- Tesco is selling Euphorium Bakery business
- The baker’s high-street shops and its factory will be sold to two separate parties
- In-store Euphorium bakeries will revert back to Tesco branding in the coming weeks
Tesco is selling Euphorium Bakery chain to two buyers just a year after taking full ownership of the business, Retail Week can reveal.
The grocer has struck a deal to offload Euphorium’s four high-street stores and its Islington factory to casual dining operator Soho Coffee, which will continue to operate the stores under the Euphorium brand.
Samworth Brothers, a long-term supplier partner of Tesco, has acquired Euphorium’s Weybridge factory.
Terms of the deal have not been disclosed.
Tesco takes back in-store bakeries
Following the deal, Tesco will take back ownership of the 57 in-store bakery concessions and smaller sites inside its Express stores, which were previously run by Euphorium.
All staff will be transferred back to the supermarket giant, but it is understood that “a small number” of managerial roles have been put at risk.
Tesco is set to launch a consultation in the coming days, but it is thought the grocer will seek to re-deploy staff into other areas of the business, rather than make redundancies.
The move, which was officially anounced to staff this morning, comes as Tesco pilots a new bakery format in some of its stores, including at its Extra store in Millbrook, Southampton.
A Tesco spokesman said: “We know how important a great bakery offer is to our customers, and this agreement will mean we can continue to serve shoppers with great quality Tesco bakery products.”
Focus on core business
Britain’s biggest retailer is focusing on its core supermarket operations as chief executive Dave Lewis continues his bid to turn the business around.
Tesco has sold off two of its biggest overseas businesses, Homeplus in Korea and Kipa in Turkey since Lewis took the helm almost two years ago.
It has also disposed of Dobbies Garden Centres, restaurant chain Giraffe and the Harris + Hoole coffee shop chain, while it also shuttered its NutriCentre health and wellbeing business as it increases its focus on rejuvenating the fortunes within the fiercely contested grocery market.
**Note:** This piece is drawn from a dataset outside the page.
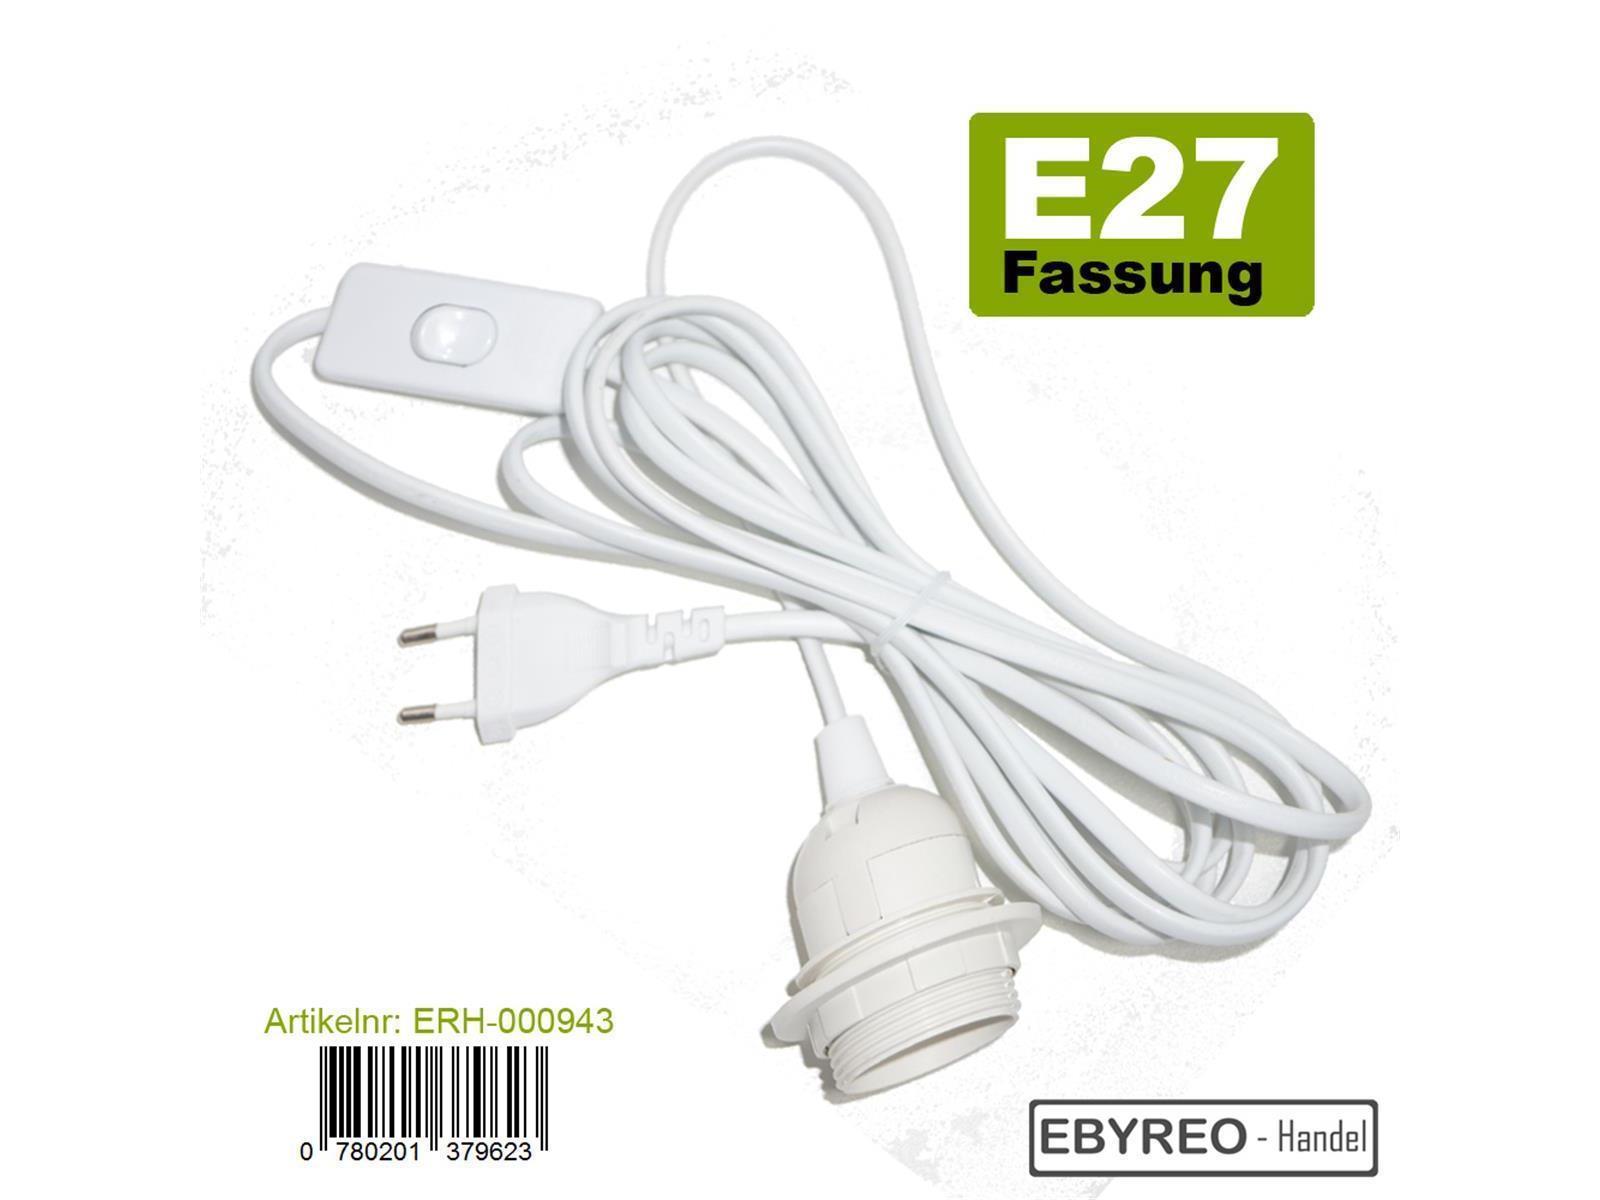 EbyReo® - Netzkabel mit Schalter und Fassung E27

Tesco and its big four rivals Sainsbury’s, Asda and Morrisons have come under fire from discount duo Aldi and Lidl, who have wooed shoppers with rock-bottom prices and forced the established grocers to rethink their strategies.
Euphorium Bakery was founded in 1999 by Danny Bear in Islington, London. The grocer took a stake in the business back in 2012, before taking full ownership of the chain in April 2015.